Every man and woman must decide where the boundaries of conscience
lie, and my conscience does not permit me to fight today in
the occupied territories.
The refusal of the 435 signatories to
the "Courage to Refuse" letter, is a refusal to fight
for continuation of the occupation, or, more precisely, for
continuation of the settlements. It is a refusal to fight in
a war of choice fueled by an extremist messianic ideology.
Make no mistake, Israel has no other
reason for remaining in the occupied territories than to preserve
the existing settlements, even when they are deep within Palestinian
centers of population. Maybe the Palestinians are not interested
in peace - one of the most commonly heard justifications for
our recent invasions - and truly want to push us into the sea.
Even then, we would be much better off defending ourselves from
the 1967 borders rather than from inside the narrow alleys of
Jenin, Ramallah and Bethlehem.

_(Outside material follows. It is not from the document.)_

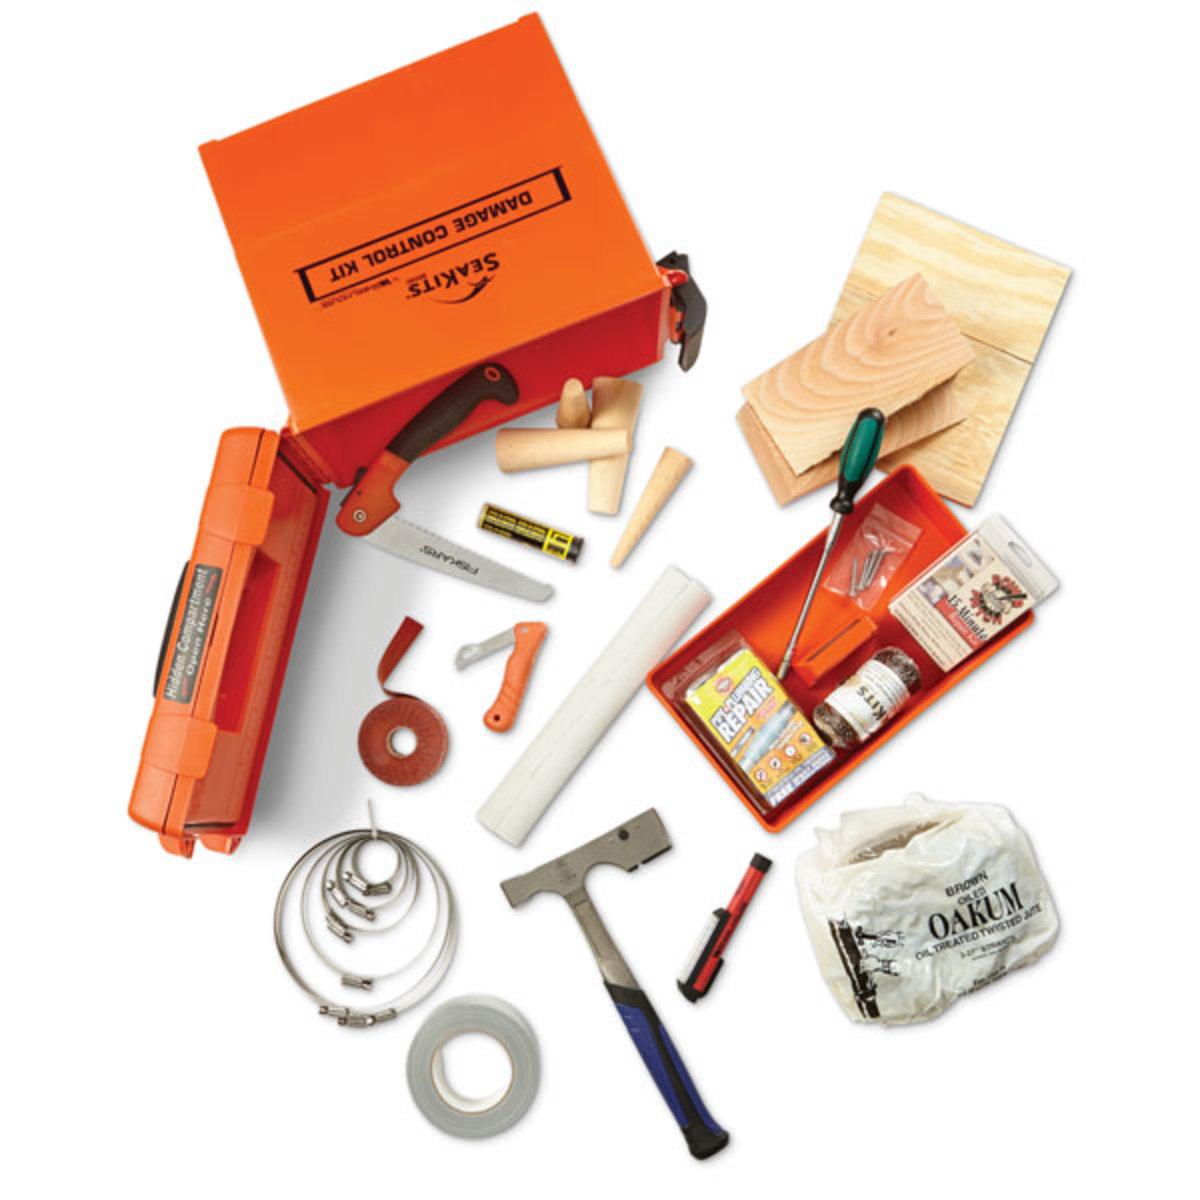 Damage Control Kit from Wheelhouse Technologies
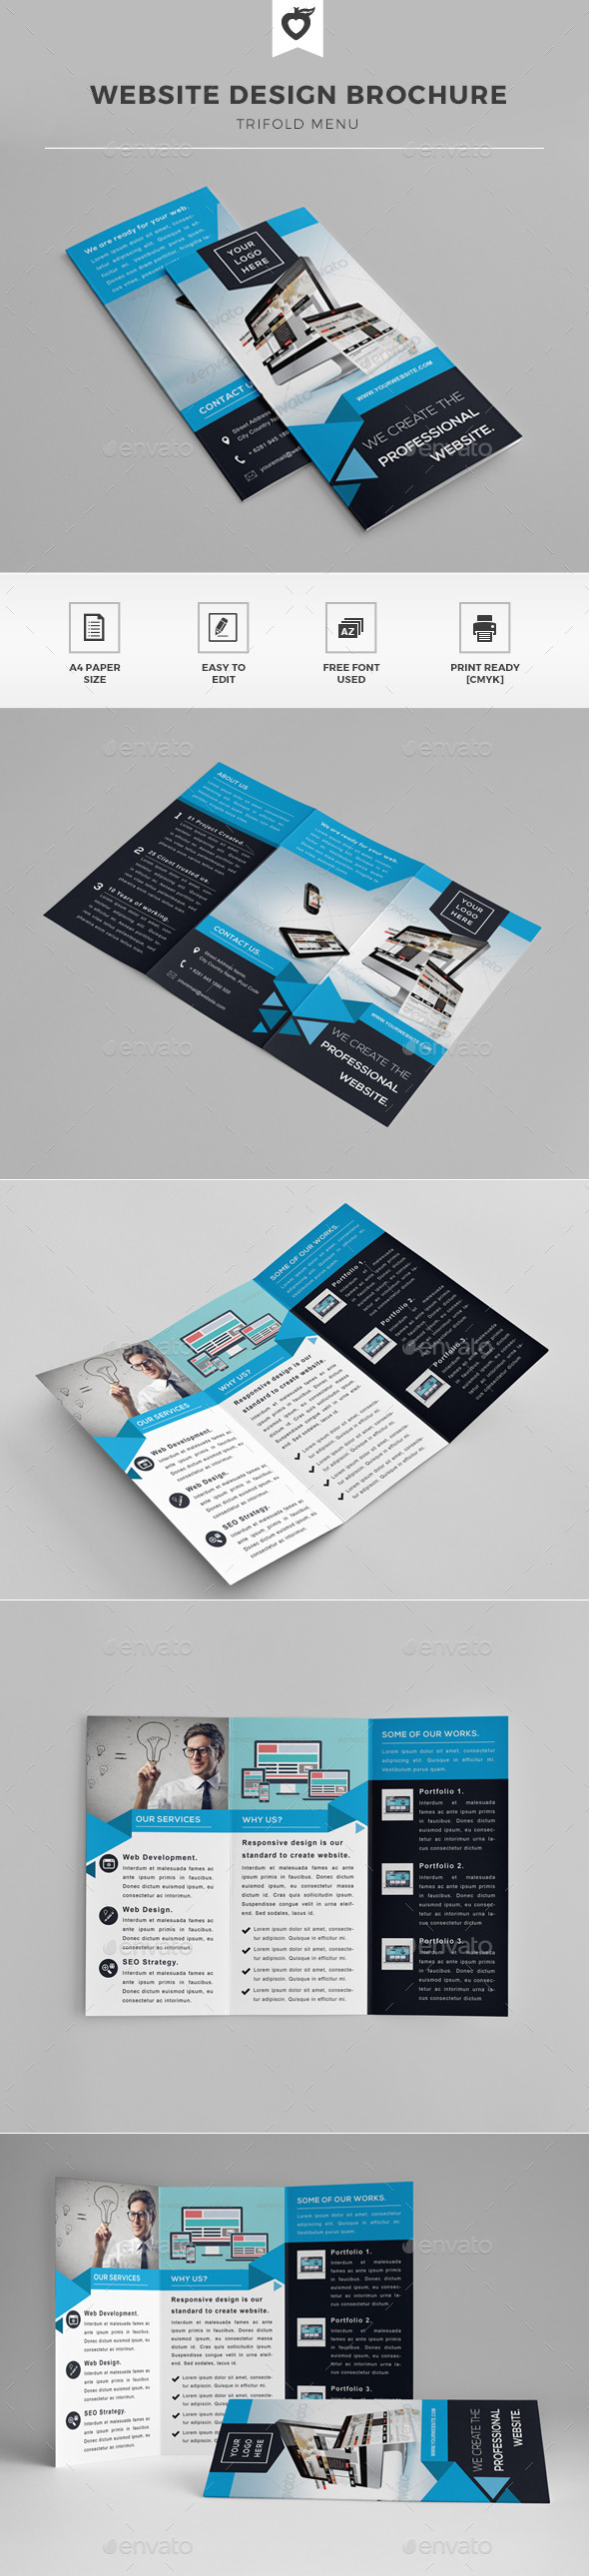 Website Design Trifold Brochure - Informational Brochures

This is why I think that the
occupation runs against the most basic interests of the state
of Israel, even to the extent of threatening its very existence.
As a concerned and involved citizen in
a democratic regime, I see it as my right and duty to do all
I can to save my country, the country I am willing to die for,
from this dizzy descent into violence and mayhem.
This kind of struggle is not one to wage
alone, and so when I heard that a group of reserve officers
were organizing with the intention of publishing an open letter
stating their categorical refusal to don their uniforms in the
service of the occupation, I knew I had to join them.
For me, as for the others who have signed
our letter, the decision was at once terribly difficult yet
glaringly simple.
Difficult, because I am a Zionist. I
served in the standing army for six years, and have since spent
upward of 50 days a year in the reserves, and I have always
equated love of the country with loyal service in the army.
It was difficult to break rank, to look my fellow officers and
soldiers in the eye and tell them that I would not join in their
next campaign, in the war for the settlements, a war we chose,
not one we had forced upon us.
Yet the decision was also easy. Both
as a democrat and as a patriot, I had no other choice. It took
me a long time to realize, to understand that not everything
I learned during my long years as an officer was correct. The
turning point was a tour of duty in the Gaza Strip a year ago.
My soldiers committed no atrocities, but I could see the futility
of our military presence there, and the daily injustices inherent
in it.
Today I stand firm, confident that I
am doing the right thing, hopeful that the group of soldiers
currently demonstrating their tremendous courage to refuse,
and spending long weeks in military prisons as a result, will
help bring an end to the occupation.
The occupation is destroying Israel from
within, it is destroying the Palestinians, and it is destroying
those two nations' common future.
Rami Kaplan,
aged 29, is a major in the Israeli armored corps and a leading
activist in the Courage to Refuse group.